→ Data below:
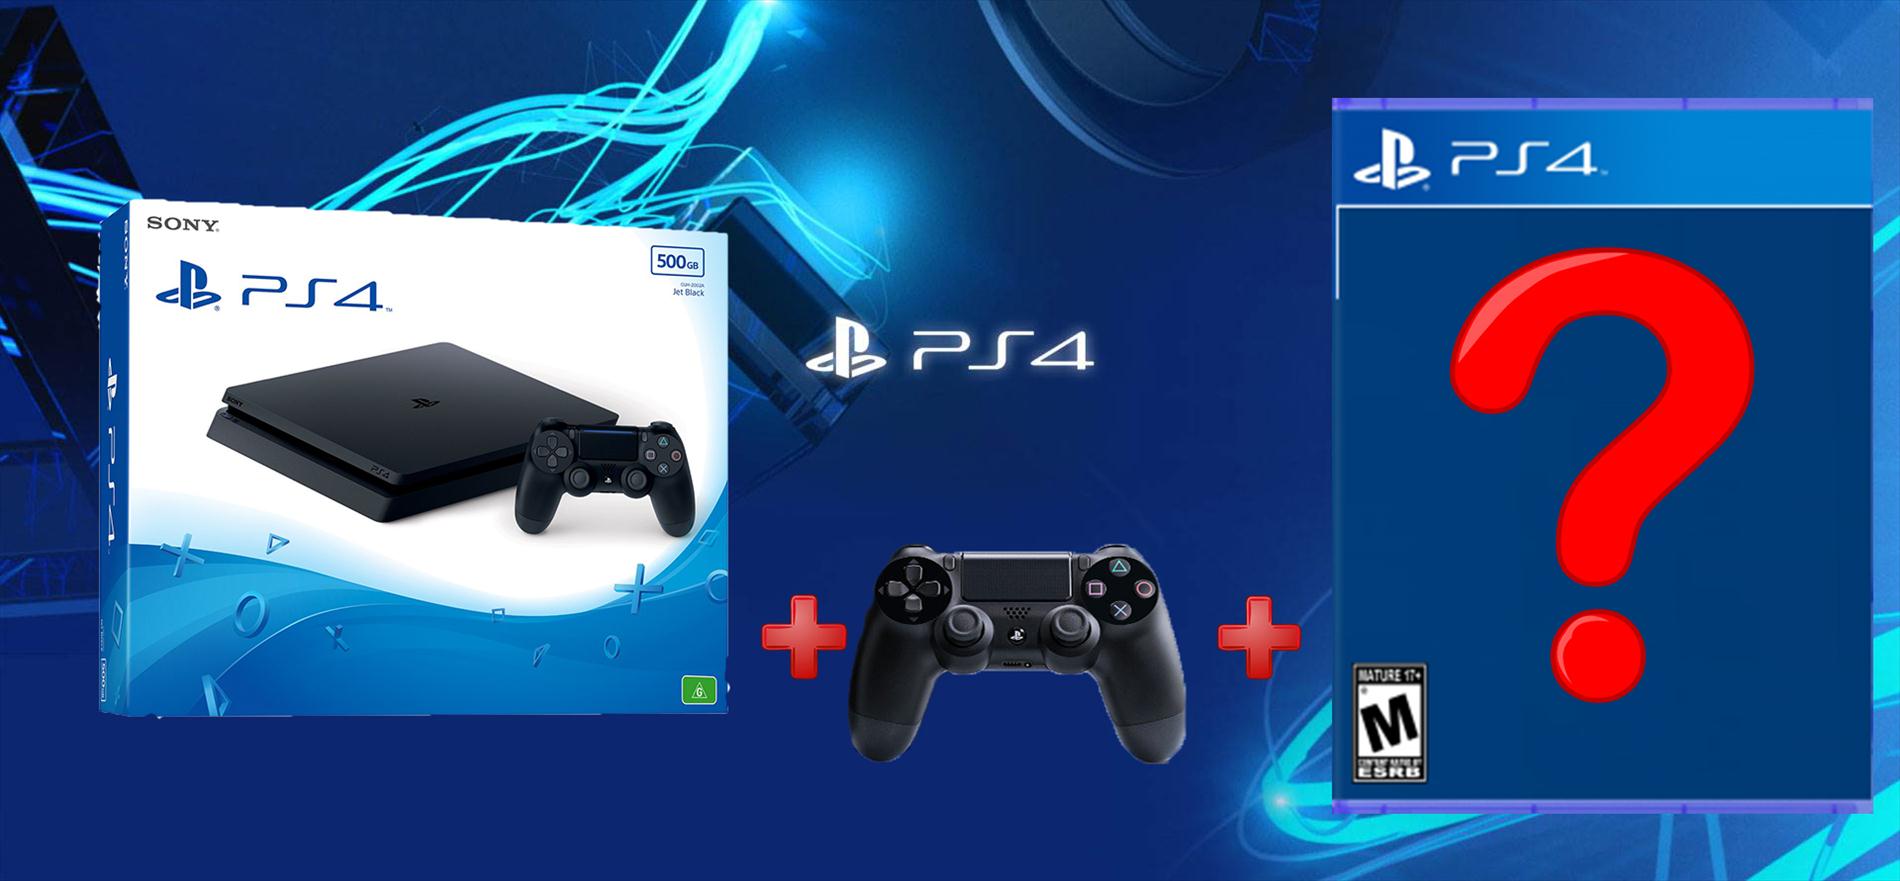 קונסולת Playstation 4 Slim  + שלט נוסף + משחק לבחירה
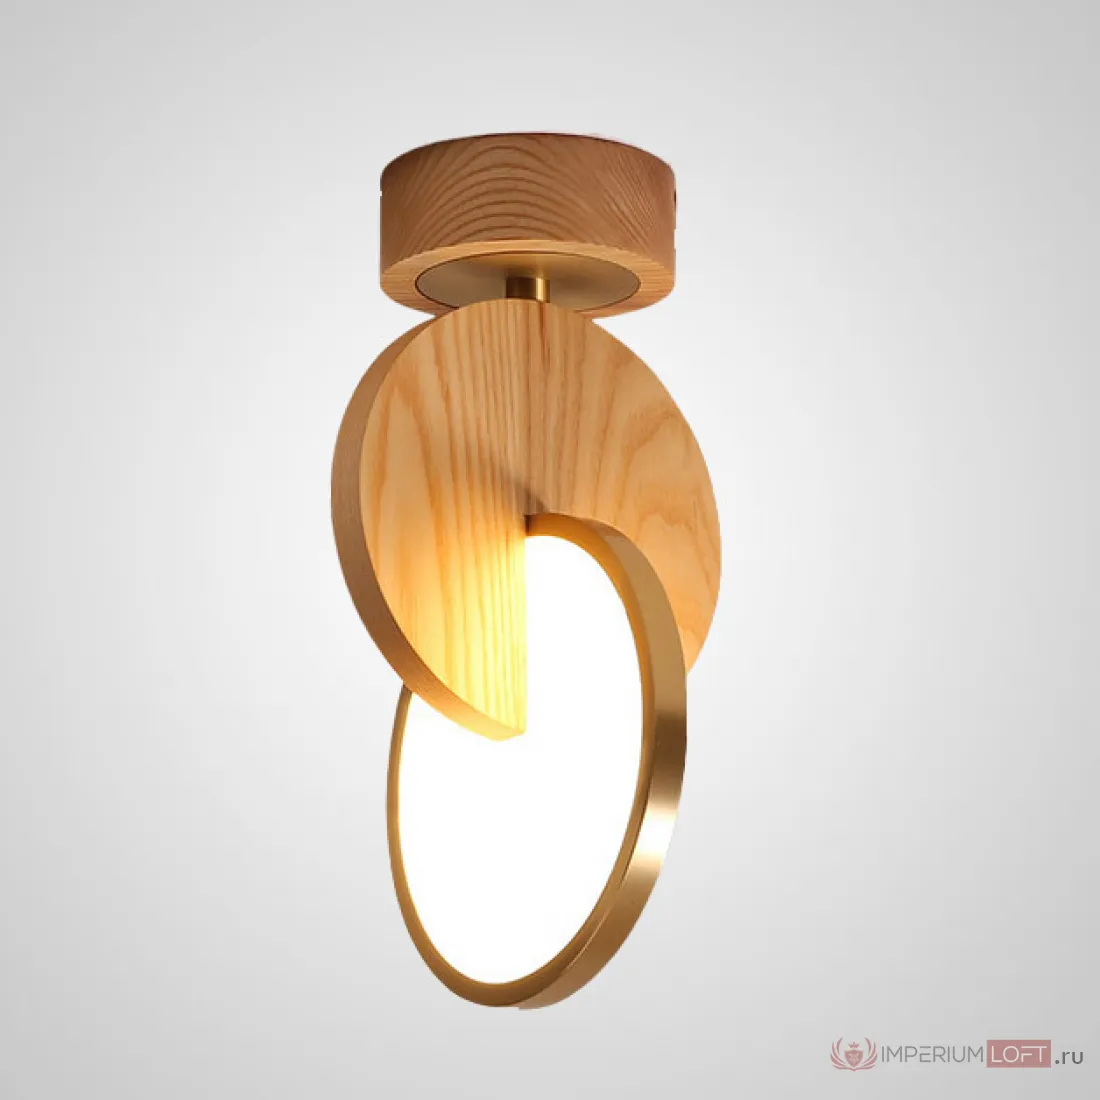 Ch lighting. Светильник Eclipse Wood. Настенный светильник в форме 2 пересекающихся колец купить.
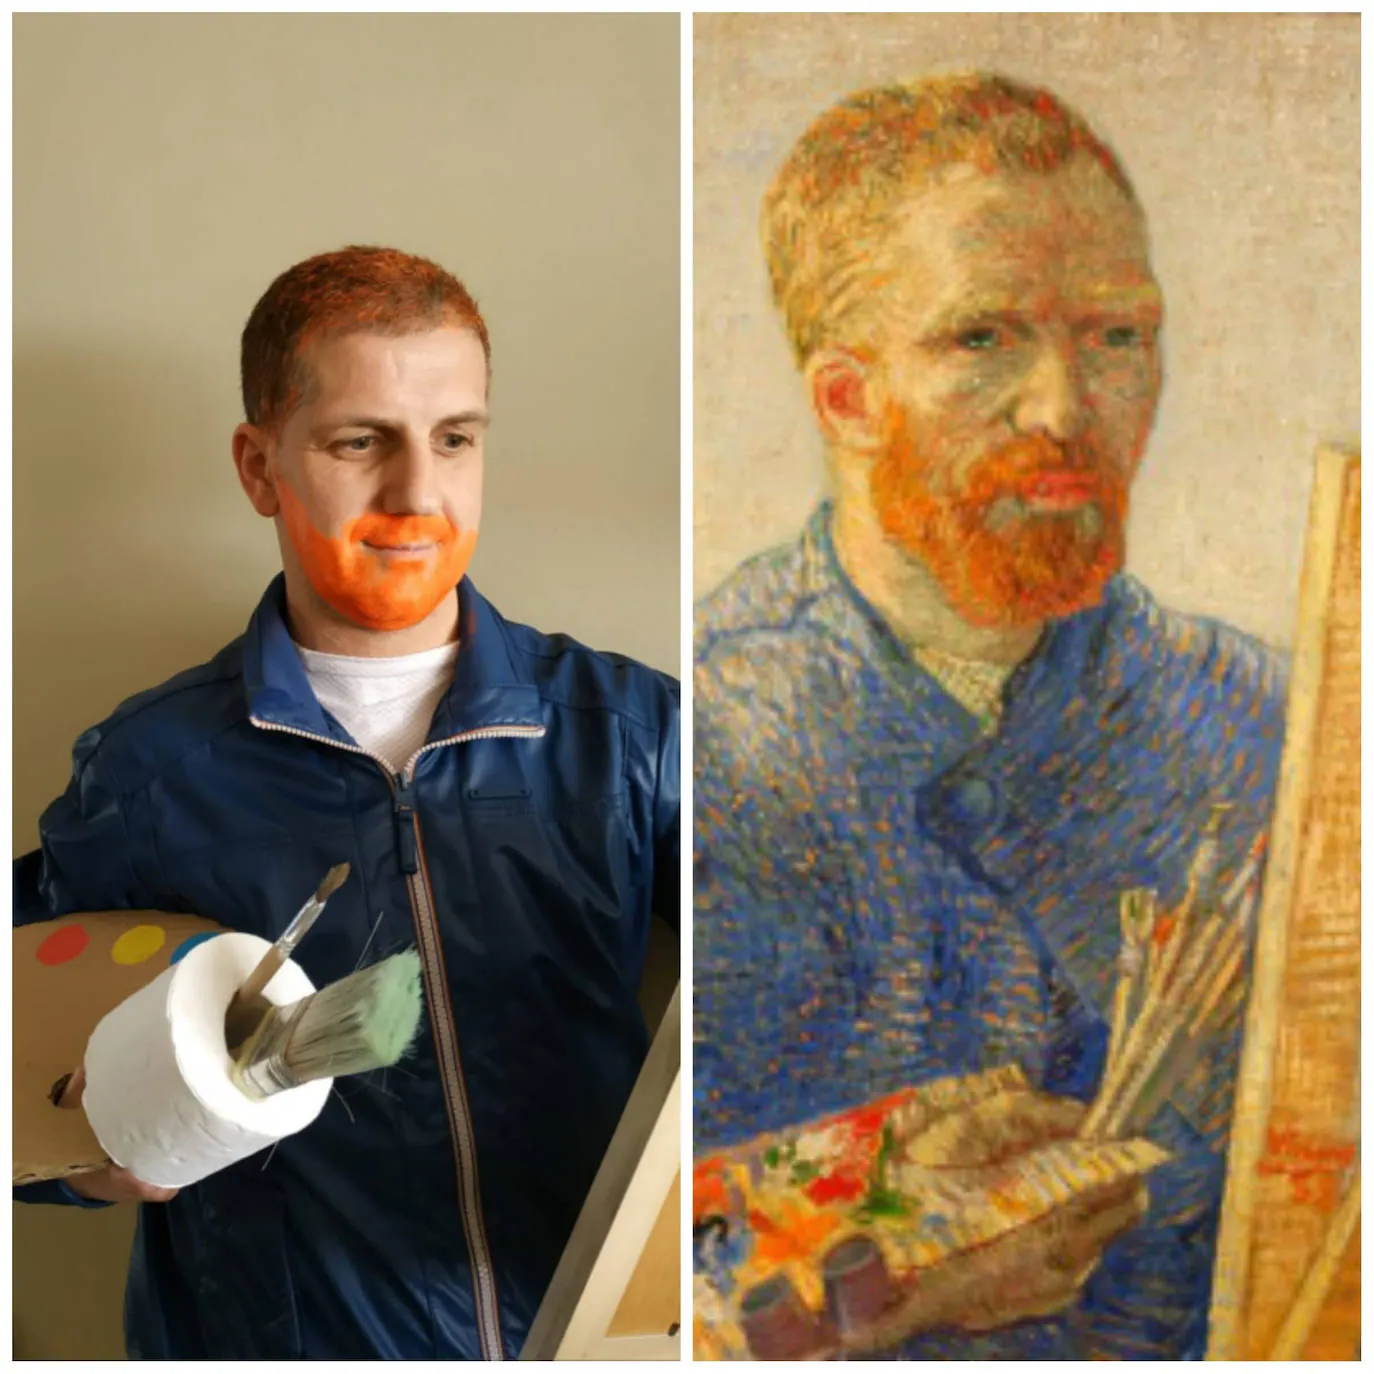 Título del cuadro: ‘Autorretrato como pintor’. Autor/a: Vincent van Gogh. Pintado: 1887. Maestro/a imitador: Javier Claramunt, Maestro de Educación Física.
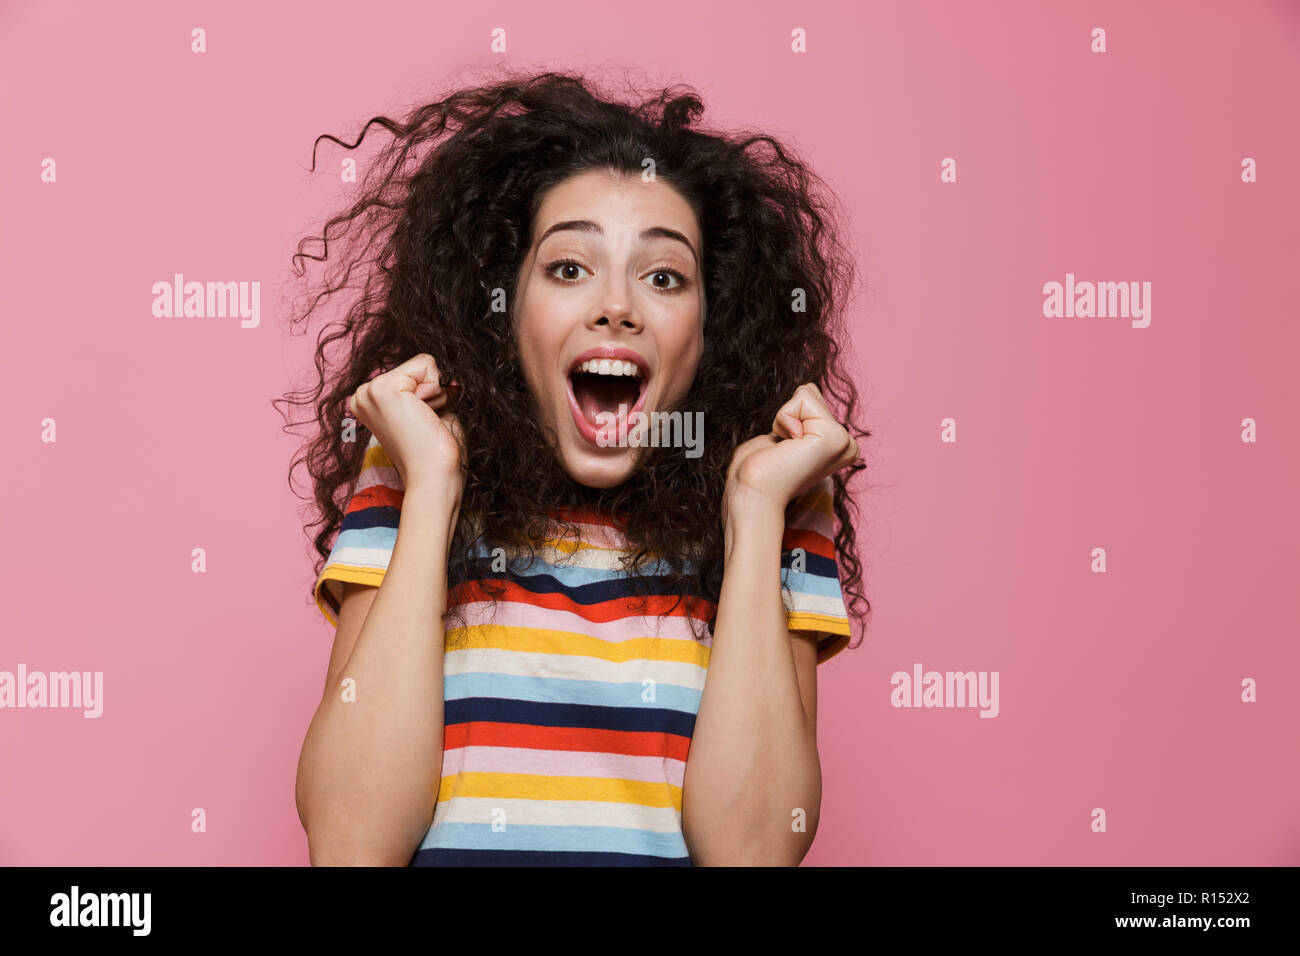 Image de femme étonné 20s avec les cheveux bouclés se réjouir et crier plus isolé sur fond rose Banque D'Images

→ Work to be completed: Copy out all the data exactly. The images should not appear in the copy.

→ Answer box:
 קונסולת Playstation 4 Slim  + שלט נוסף + משחק לבחירה
 Ch lighting. Светильник Eclipse Wood. Настенный светильник в форме 2 пересекающихся колец купить.
 Título del cuadro: ‘Autorretrato como pintor’. Autor/a: Vincent van Gogh. Pintado: 1887. Maestro/a imitador: Javier Claramunt, Maestro de Educación Física.
 Image de femme étonné 20s avec les cheveux bouclés se réjouir et crier plus isolé sur fond rose Banque D'Images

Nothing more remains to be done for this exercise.